Space Command Will Help the U.S. Retake the Lead in Space

COMMENTARY Space Policy

Space Command Will Help the U.S. Retake the Lead in Space

Aug 23, 2019 3 min read

Commentary By

John Venable @JVVenable

Senior Research Fellow, Defense Policy

Fabio Van Loon

Spring 2019 member of the Young Leaders Program at The Heritage Foundation

For decades, our nation has promoted & sustained a policy of peaceful use of space, all the while taking full advantage of the military attributes this “high ground” has to offer. Sirintra Pumsopa/Getty Images

Key Takeaways

On Thursday, Aug. 29, the Defense Department will formally establish the U.S. Space Command as the 11th unified combatant command.

Foreign threats from space are real, but the president and this Congress are taking steps to help quell those threats.

If we do not expend the thought, the effort, and the money required, then another and more progressive nation will.

The space race is very much on, and the United States needs to up its game.

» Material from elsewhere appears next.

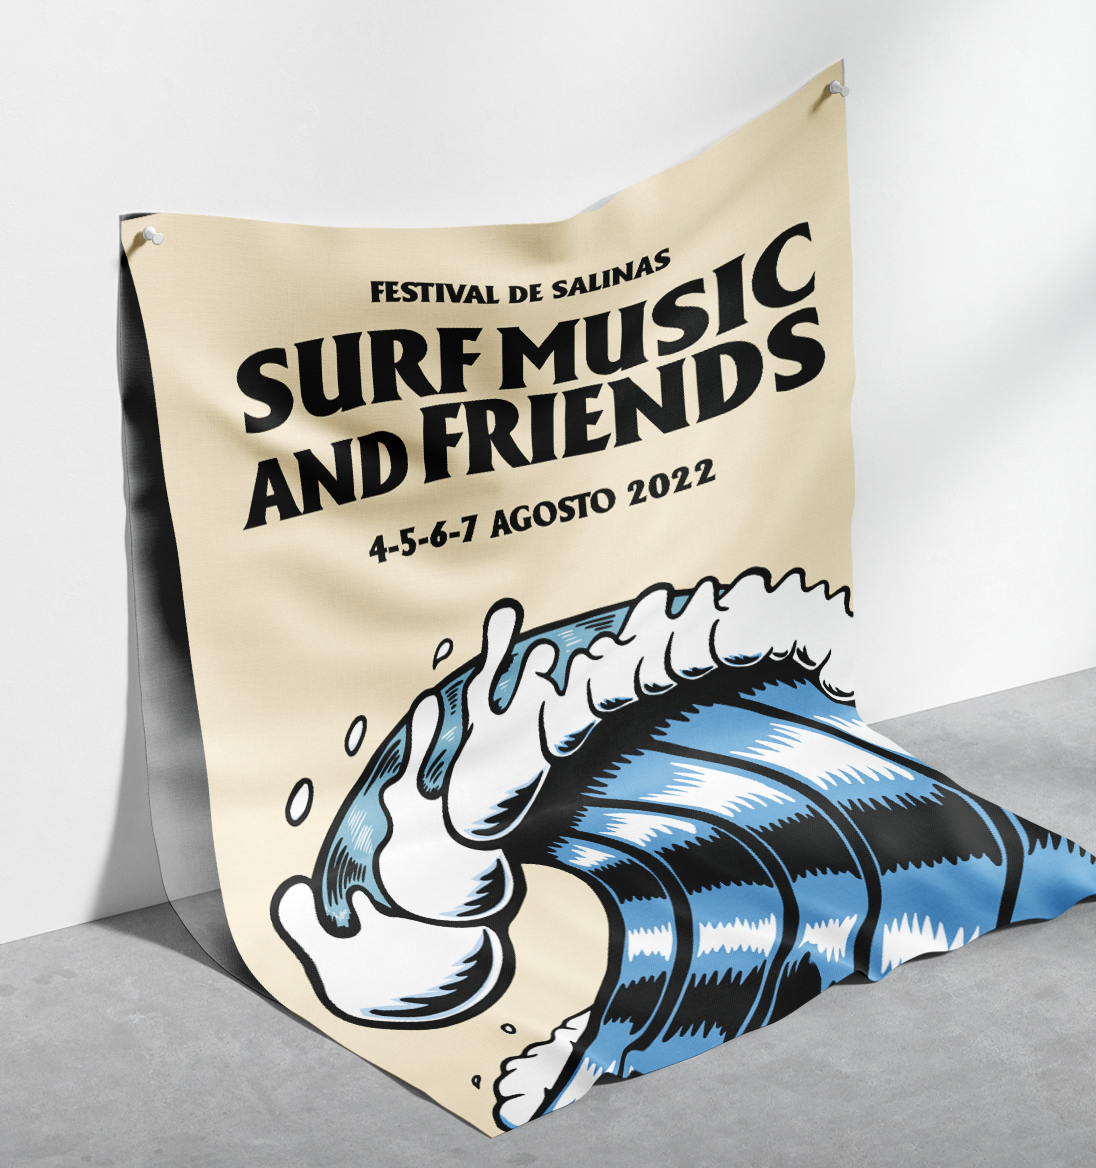 Surf music and friends festival

That was the message President Donald Trump conveyed in a series of speeches that began in March of 2018, and next week, his administration will take a major stride to do just that.

On Thursday, Aug. 29, the Defense Department will formally establish the U.S. Space Command as the 11th unified combatant command. This seminal event is the second in a series of steps that are impressive in scope, outlook, and impact.

For decades, our nation has promoted and sustained a policy of peaceful use of space, all the while taking full advantage of the military attributes this “high ground” has to offer. 

U.S. global positioning satellites (GPS), along with our space-based intelligence and communications platforms, have delivered asymmetrical advantages to our military since the days of Desert Storm—to the point that they have changed the way we fight.  

Russia and China have observed this transition, and they have developed their own significant military capabilities that can challenge the United States in space. Indeed, space must now be considered a full warfighting domain.   

In August of 2018, an independent study aptly titled the “Final Report on Organizational and Management Structure for the National Security Space Components of the Department of Defense” emerged from a bipartisan congressional directive. 

The report held several major recommendations that, once executed, would help to reestablish our dominance and protect our interests in the space domain.  

Last fall, the Trump administration moved on its first recommendation by establishing the Space Development Agency—a consolidated agency to direct and oversee the military’s space development. 

Prior to this agency, six different organizations were tasked with managing space equipment requirements, and eight others were charged with acquisition. This spread-out authority consistently led to program delays, cost overruns, and even system cancellations.  

The Space Development Agency will streamline acquisition to equip the Defense Department with cutting-edge technology that will outpace our near-peer competitors in the years ahead.  

The second step was detailed last December in a Presidential Space Memorandum directing the establishment of the U.S. Space Command. In the words of Gen. John Hyten, commander of U.S. Strategic Command, “We have to have a commander focused on it all the time from an operational perspective … somebody in the Pentagon that focuses their total attention on space all the time.” 

Just as Central Command handles military operations in the Middle East, Space Command will be charged with those same responsibilities in the domain of space.  

When Gen. Jay Raymond accepts command of that organization next week, he will inherit 87 units that cover the gamut—from missile warning, to satellite operations, space control, and space support. His job will be to organize, unify, and then focus that team on the new challenge: waging and winning a war in space.  

Unified combatant commanders receive forces that are trained and equipped by services established specifically for the air, land, and naval domains. Those services ingrain the tactics, standards, and doctrines that allow them to fight as a cohesive team.  

The independent report recommended that Congress fill that void for Space Command by establishing the Space Force.

In the heated political environment that currently envelopes Washington, it is hard to imagine how Congress might bridge the divide long enough to craft the legislation required to establish a new service. The fact that both the House and Senate versions of the 2020 National Defense Authorization Act do just that should get our attention.   

Foreign threats from space are real, but the president and this Congress are taking steps to help quell those threats. The administration’s comprehensive drive may very well put us back in the lead of space exploration. 

Securing space and reviving manned exploration won’t be cheap, but as Gen. James H. Doolittle said in 1959, “We, the United States of America, can be first. If we do not expend the thought, the effort, and the money required, then another and more progressive nation will. They will dominate space, and they will dominate the world.”  

The choice is ours, and this administration is making the right one.